Taraji P. Henson, Octavia Spencer and Janelle Monáe bring every ounce of their considerable charm to a script filled with humor and heart.
The movie conveys the injustice of discrimination — the women couldn’t even go to the bathroom in the same building as white scientists — and the thrill of victory on a visceral, personal level.
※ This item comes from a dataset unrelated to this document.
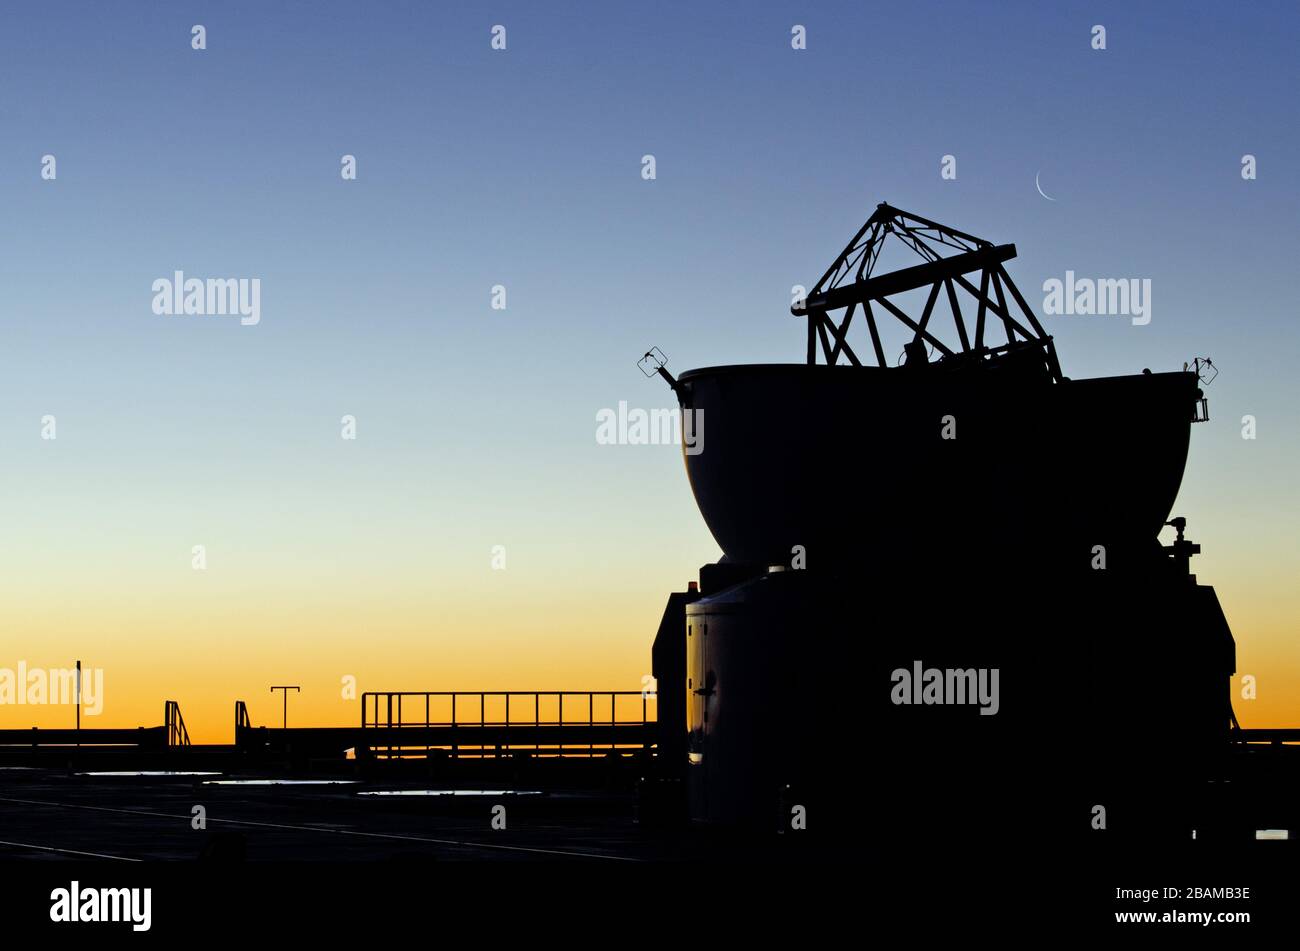 English: Pictured here at sunset is one of the four Auxiliary Telescopes  (ATs) of the Very Large Telescope Interferometer (VLTI), shown at ESO's  Paranal Observatory. The faint crescent Moon can be seen

Constantly pushing her glasses up her face, Henson plays groundbreaking mathematician Katherine Johnson (who in real life is 98 and still sharing her amazing story) as a ball of pent-up brilliance, frustration and can-do energy. Spencer does an excellent slow burn as Dorothy Vaughan, a computing supervisor who has to report to a condescending, less-qualified white woman (Kirsten Dunst). And Monáe crackles as Mary Jackson, who fights Jim Crow laws so she can become an aerospace engineer.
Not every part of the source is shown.